In 1988 I gave birth to a beautiful baby girl, Amber Elise, I was in labor for 36 hours before the doctors desided she was too big and I needed a C-section. The surgery went well and all was fine until five days later, my second day home I noticed a heavyness on my chest, then my breathing became labored. In the emergency room I was hooked up to every monitor and what seemed like every test in the world performed on me. I was there for two weeks and was never given a proper diagnosis. They said perhaps it was a pulmonary emboli that disolved itself. Or pnumonia they just did not know. I did not care, I wanted to go home. I was 22 years old and had been without my newborn for two weeks.
Ten years later with a new marriage, my husband and I wanted a baby together. And after trying 3 years we were finally blessed with a pregnancy. My OBGYN was glad I got pregnant when I did because I was 35 now and time was ticking on my biological clock. We discussed my post partum episode from 13 years ago and he made a note of it in my chart and we sent away for my old records and after reveiwing it he did not seem at all concerned. I had a uneventful pregnancy and had a scheduled C-section performed on August 24th,2001.We had a beatiful baby girl, Taylor Jane.
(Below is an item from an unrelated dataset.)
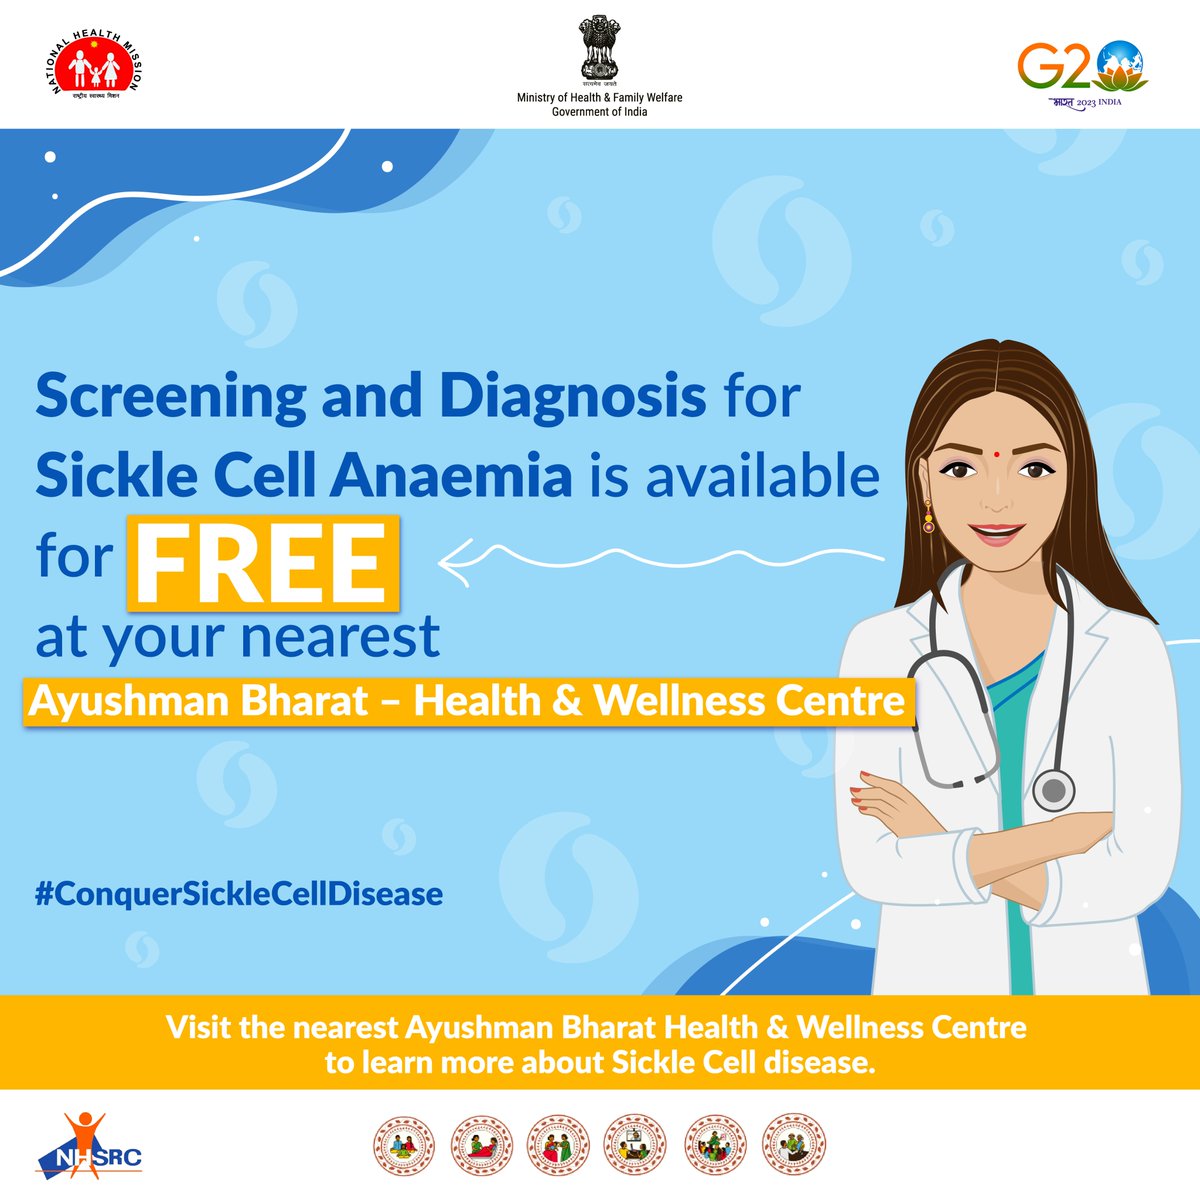 If you have symptoms or want to learn more about #SickleCellDisease, visit your nearest #AB_HealthandWellnessCentre. #ConquerSickleCellDisease @mansukhmandviya @DrBharatippawar @PMOIndia @MoHFW_INDIA @mygovindia @NITIAayog @NHSRCINDIA

That night I awoke in the middle of the night with what I thought was a panic attack. I could not catch my breath or lay down. When I told the doctor he said it was probabally nothing and released me. I went home and instead of feeling better each day I seemed to get worse. I could not lay down and I was extremely tired. I could not even lift my baby for two steps without having to stop and rest. When I went to my OBGYN he said my lungs sounded fine and maybe I had a little touch of pneumonia and gave me an antibiotic (5 day regimine) and sent me home. I still felt horrible after the antibiotics and went to get another opinion. This doctor took and X-ray and sent me straght to the E.R. I was hooked up to every monitor and what seemed like every test in the world performed on me. Here we go again, I thought. But this time they came back and said I have PPCM. And my EF was at 15 to 20 percent. And they were not sure if I would be okay or if I would need a heart transplant. Needless to say it scared me to death. But the medications are working and 3 months later my ECHO showed my EF is up to 50%. I am getting better.
I feel very fortunate to have gone through this twice the first time with no medications. And to have been able to recooperate both times. I thank the good Lord everyday that I can be here to raise my two beatiful children.